Following Maurizio Porfiri’s example of fish, these autonomous vehicles could act similarly to a school of fish. With one machine working as the leader, the swarm could them follow and conduct synchronous movements.
Materials
2 Kittenbots
Make Code https://makecode.microbit.org/#
Procedure
My partner, Diana Xu, and I chose to create Braitenberg’s Attractive and Repulsive robots. We split our tasks into two parts with two seperate goals. First, we had to determine how the vehicles would communicate. Next, we had to develop a system where both vehicles could know when to stop and resume? First, we asked how will the Attractive vehicle know when the Repulsive vehicle is incoming? To do this we used the light sensor on the attractive vehicle. By turning the microbit around we were able to get a reading from the trailing bot.

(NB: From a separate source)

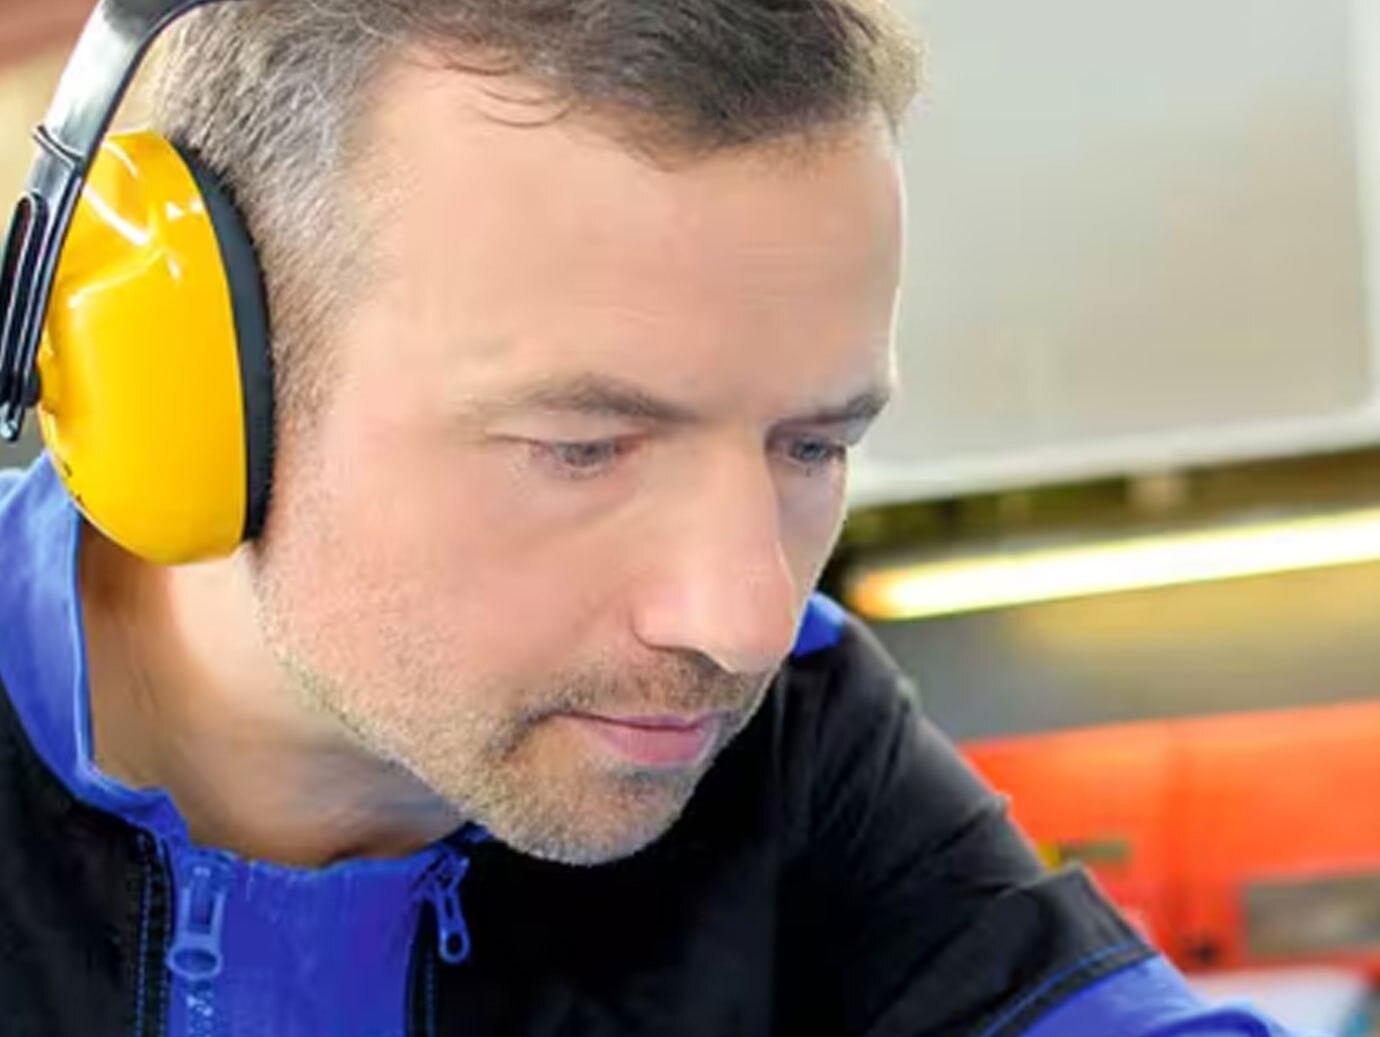 man wearing yellow headphones 
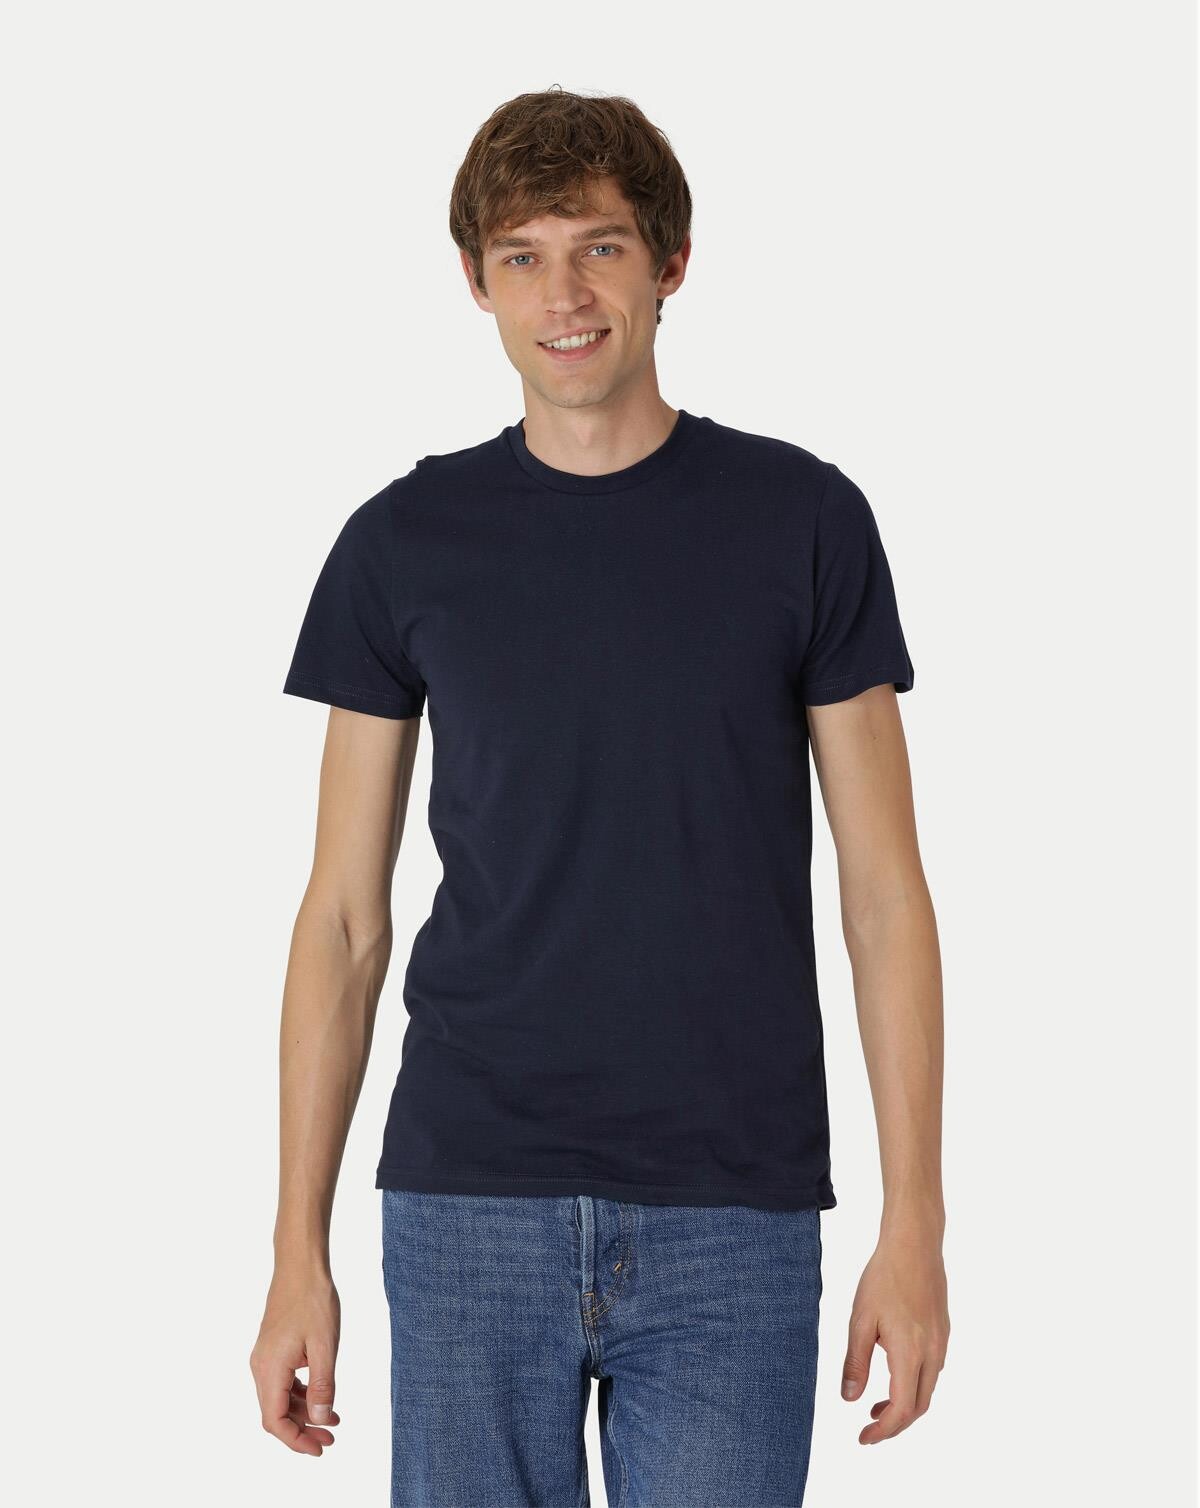 Neutral Økologisk T-shirt til - Tætsiddende (Navy, 3XL)

Communicate: Light Sensor + Radio Signal
Avoid: Ultrasonic Sensor
In order to communicate when bot B should resume following bot A, bot A sends a radio signal when it no longer detects the light. Bot A moves forward when it detects the light signal above the threshold usings its light sensor. Both bot A and bot B use their ultrasonic sensors to avoid obstacles in front.
Attractive & Repulsive Vehicles
Successful sending of signal to initiate movement
Fail avoidance
Further testing signal & gaging range
Success testing of signal send, avoid and chase
Success test + sweep ultra sonic sensor
Reflection
If given more time I would like to improve on the orientation of each vehicle. This could be achieved using the line follower mechanism; this would create a controlled testing space for each bot. Using this function we could have bot A lead bot B along the course.
Something we did not achieve is the speed mentioned by Hogg. It is noted that the Attractive vehicle is “a very quick vehicle” while the Repulsive lags behind at a slower pace (Hogg 6). With the D/C motors on kittenbot it was a little difficult finding the suitable range for the two bot’s speed. The chasing vehicle should have been slower however, once the speed was reduced significantly the motors would stall because the vehicle would not have enough propulsion.
Additionally, it is noted that the vehicles are supposed to be set down in a line and simply follow one after the other. This was very hard to achieve with the uncalibrated wheels and the bot’s tendency to veer off in either direction.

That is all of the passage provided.